Work instructions:
Your answer must be the line containing "Lezioni di sci" and each following line to the end of the listing below, copied exactly, with pictures removed and nothing added.

Data section:
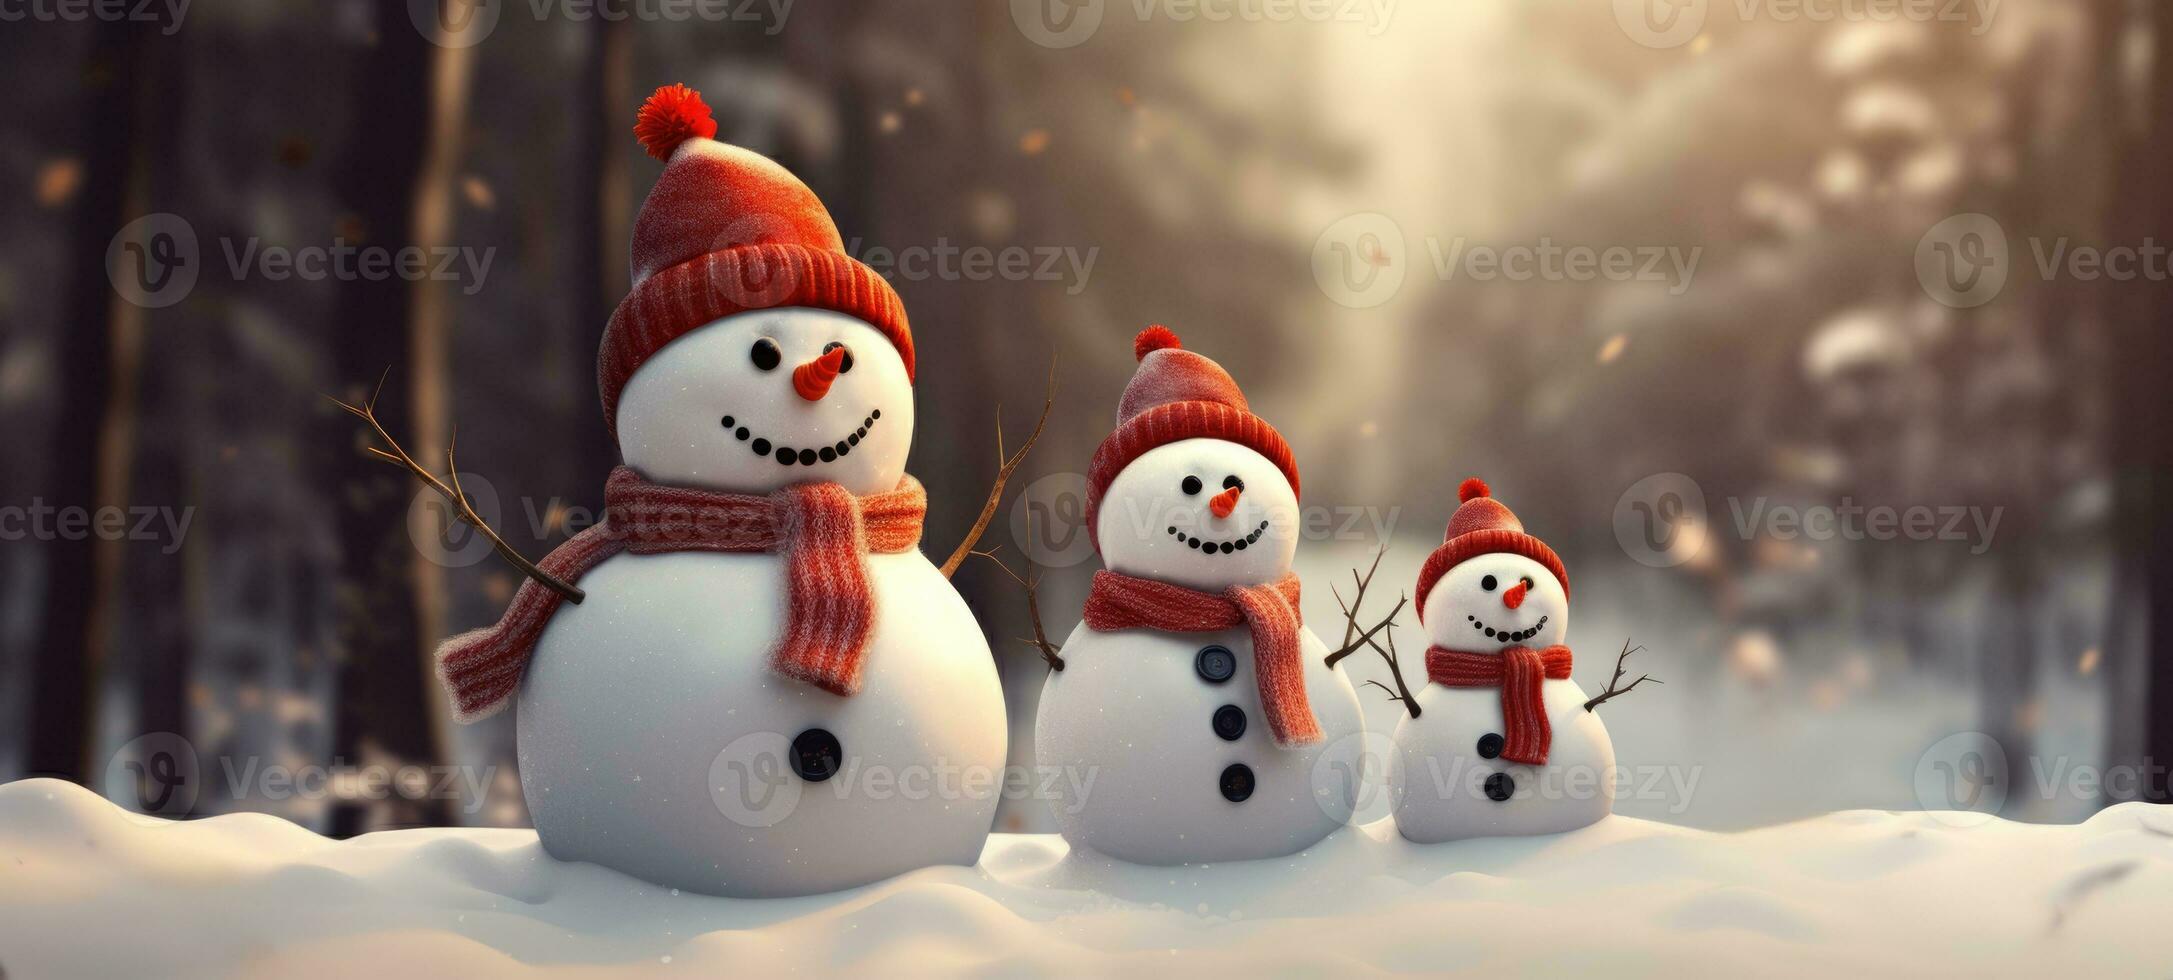 familj snögubbe med scarf i snö skog hälsning kort xmas jul foto
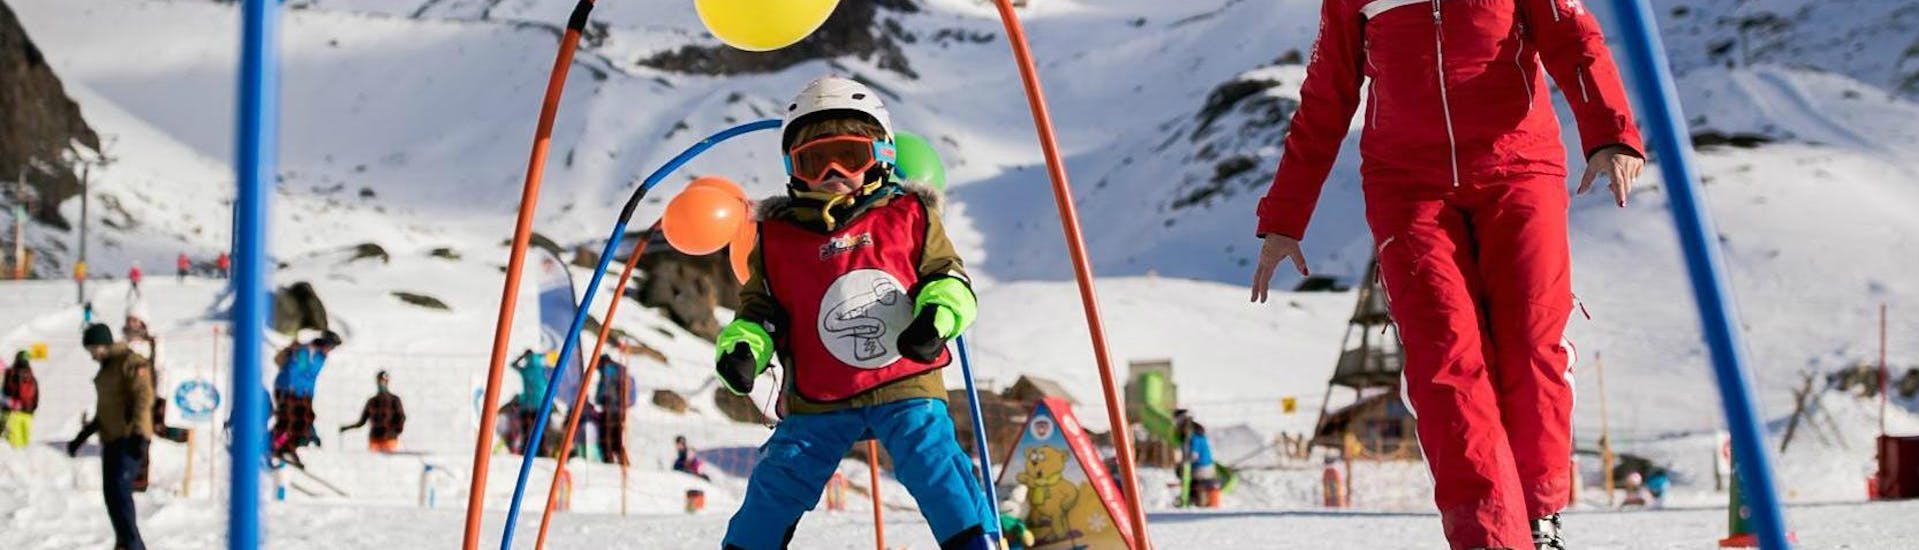 Lezioni di sci per bambini a partire da 3 anni per principianti con Swiss Ski School Saas-Grund.
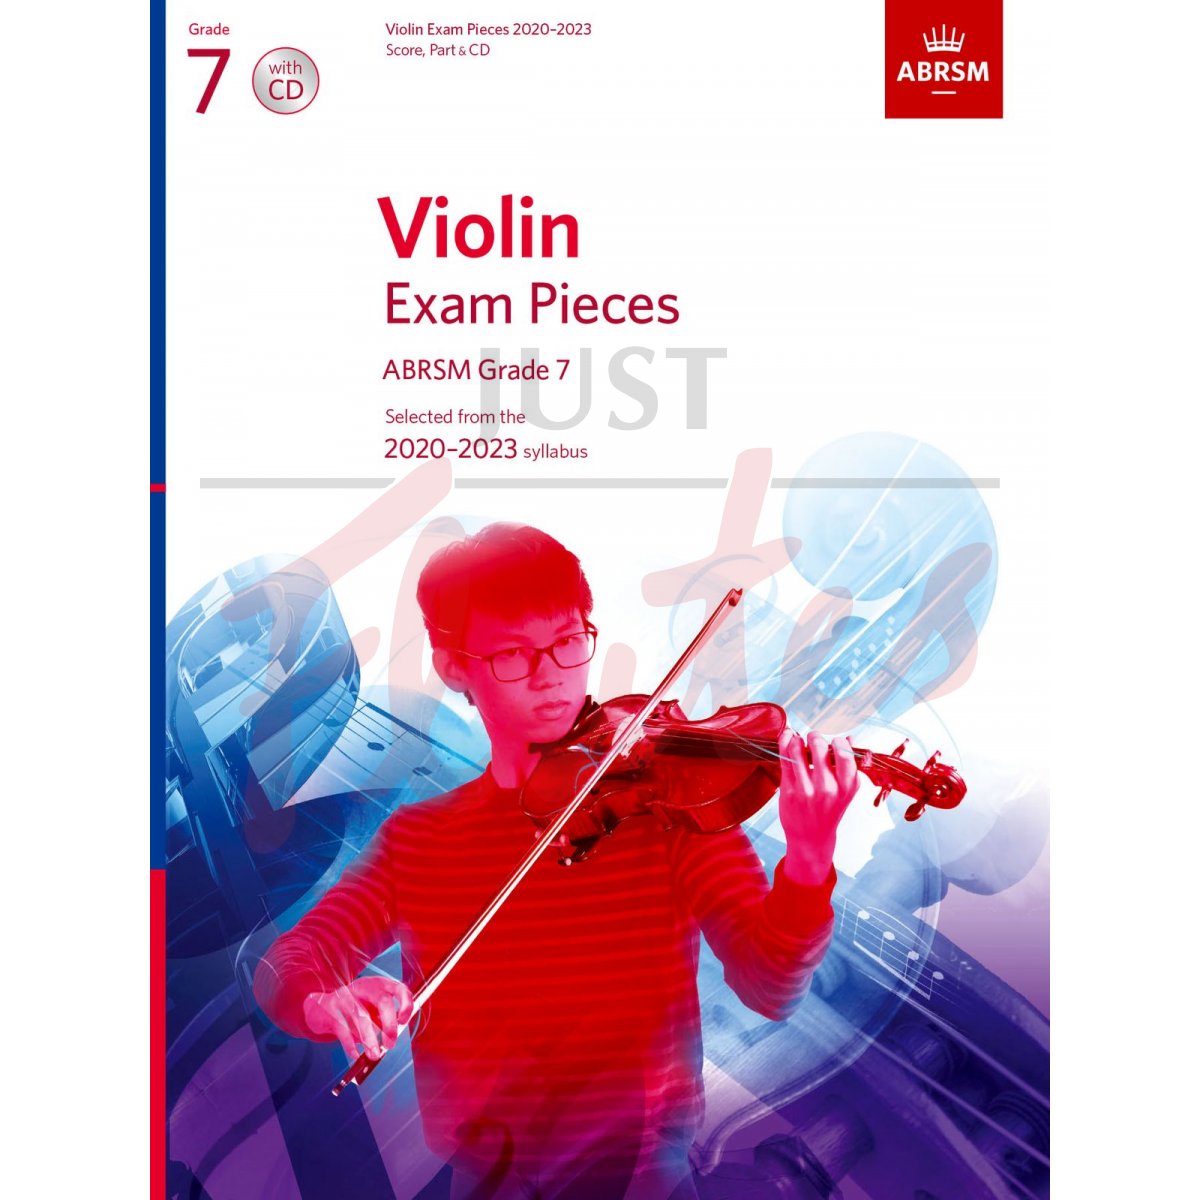 Violin Exam Pieces 2020-2023, Grade 7
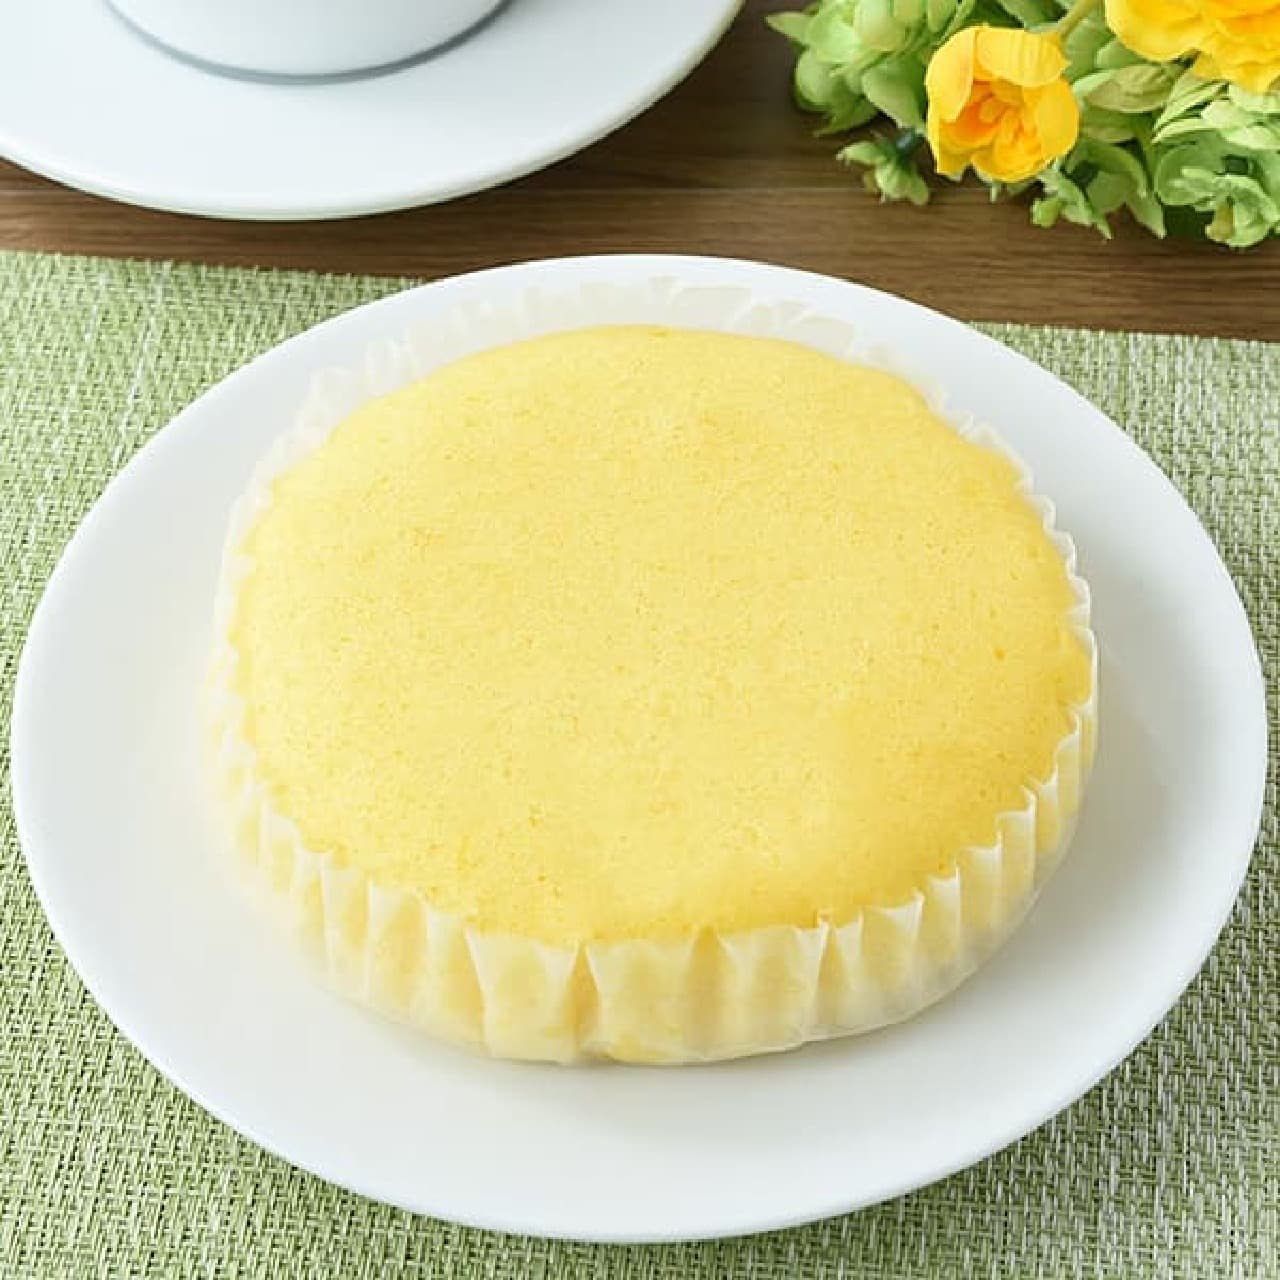 FamilyMart "Lemon-scented soft steamed cake

Output:
 Lezioni di sci per bambini a partire da 3 anni per principianti con Swiss Ski School Saas-Grund.
 Violin Exam Pieces 2020-2023, Grade 7
 FamilyMart "Lemon-scented soft steamed cake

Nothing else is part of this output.